Potentially Teradata's most significant enhancement in a decade will be on display next week at the Teradata Partners conference.  And that is Teradata Columnar.  Few leading database players have altered the fundamental structure of having all of the columns of the table stored consecutively on disk for each record.  The innovations and practical use cases of "columnar databases" have come from the independent vendor world, where it has proven to be quite effective in the performance of an increasingly important class of analytic query.  Here is the first in a series of blogs where I discussed columnar databases. 

Teradata obviously is not a "columnar database" but would now be considered a hybrid, exhibiting columnar features upon those columns that are chosen to participate.  Teradata combines columnar capabilities with a feature-rich and requirements-matching DBMS already deployed by many large clients for their enterprise data warehouse.  Columnar is available in all Teradata platforms - Teradata Active Enterprise Data Warehouse, Teradata Data Warehouse Appliance, Teradata Extreme Data Appliance and Teradata Extreme Performance Appliance.

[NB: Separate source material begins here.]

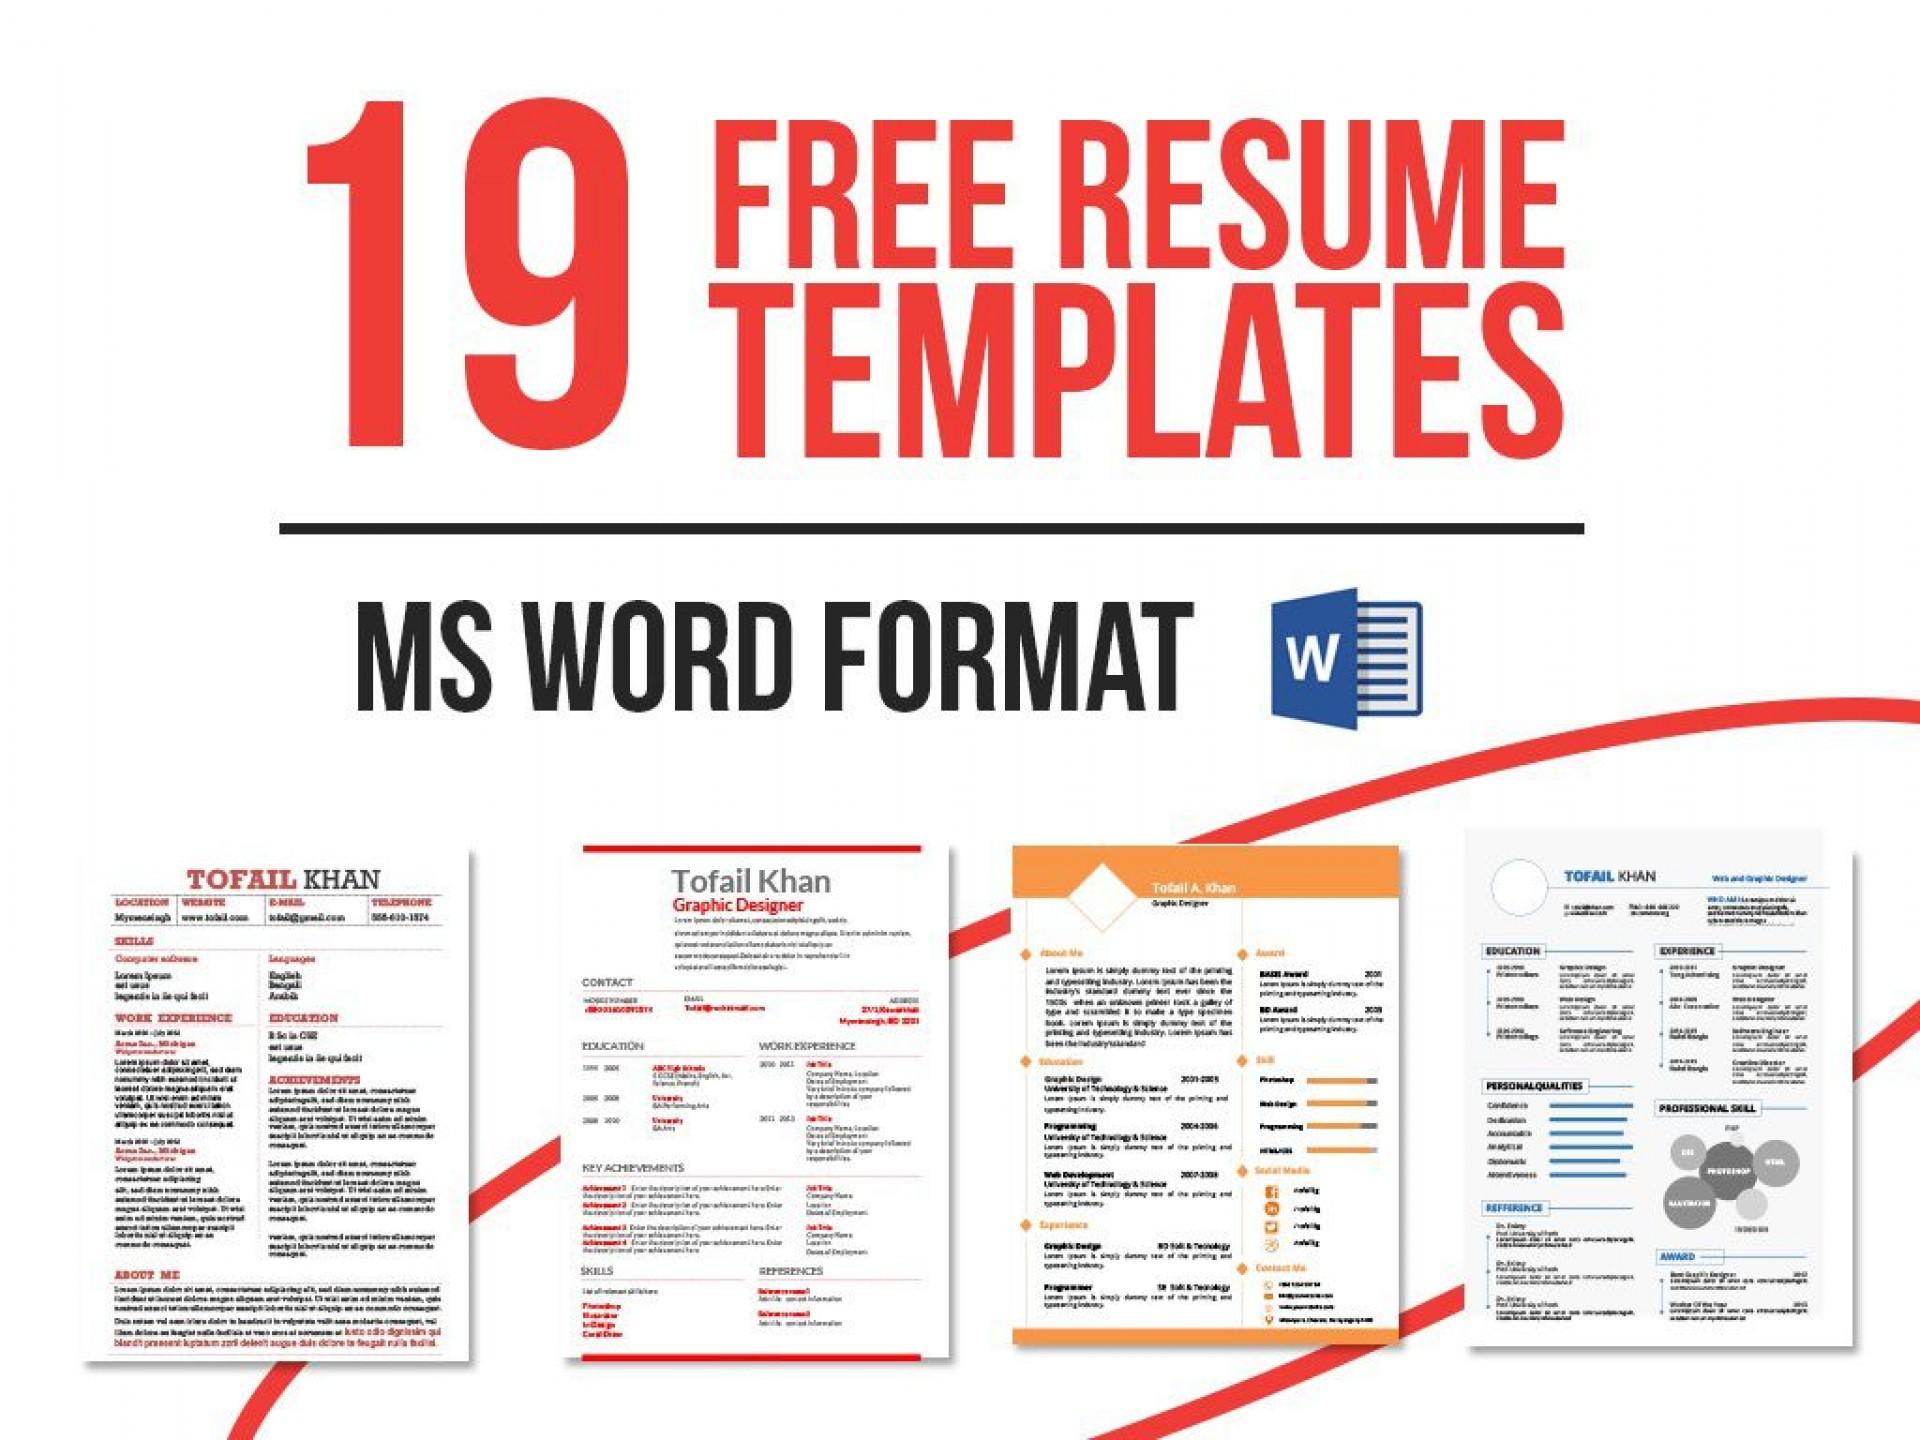 005 Astounding Microsoft Word Template Download Sample  2010 Resume Free 2007 Error Invoice1920

Teradata's approach allows for the mixing of row structure, column structures and multi-column structures directly in the DBMS in "containers."  The physical structure of each container can also be in row- (extensive page metadata including a map to offsets) which is referred to as "row storage format" or columnar- (the row "number" is implied by the value's relative position) format.  All rows of the table will be treated the same way, i.e., there is no column structure/columnar-format for the first 1 million rows and row structure for the rest.  However, (row) partition elimination is still very alive and, when combined with column structures, creates I/O that can now retrieve a very focused set of data for the price of a few metadata reads to facilitate the eliminations.

Each column goes in one container.  A container can have one or multiple columns.  Columns that are frequently access together should be put into the same container.  Physically, multiple container structures are possible for columns with a large number of rows.

Teradata Columnar utilizes several compression methods that take advantage of the columnar orientation of the data.  Methods include run-length encoding, dictionary encoding, delta compression, null compression, trim compression and the previously-available columnar-agnostic UTF8.  Multiple methods can be used with each column.

 

The dictionary representations are fixed length which allows the data pages to remain void of internal maps to where records begin.  This small fact saves calculations at run-time for page navigation, another benefit of columnar. Variable-length records are handled similarly.  Dictionaries are container-specific, which is advantageous in the usual case where column values are fairly unique to the column.   

Starting by analyzing the workloads to be used with the data and focusing on column-specific workloads, then grouping columns accessed together, the foundation for table creation, with its automatic compression, is laid.  Advantages will be seen in fewer storage needs, improvements in I/O bound query performance and scan operations. 


Posted September 30, 2011 3:17 PM
Permalink | No Comments |

NoSQL solutions are solutions that do not accept the SQL language against their data stores.   Ancillary to this is the fact that most do not store data in the structure SQL was built for - tables.  Though the solutions are "no SQL", the idea is that "not only" SQL solutions are needed to solve information needs today.  The Wikipedia article states "Carlo Strozzi first used the term NoSQL in 1998 as a name for his open source relational database that did not offer a SQL interface".  Some of these NoSQL solutions are already becoming perilously close to accepting broad parts of the SQL language.  Soon, NoSQL may be an inappropriate label, but I suppose that's what happens when a label refers to something that it is NOT.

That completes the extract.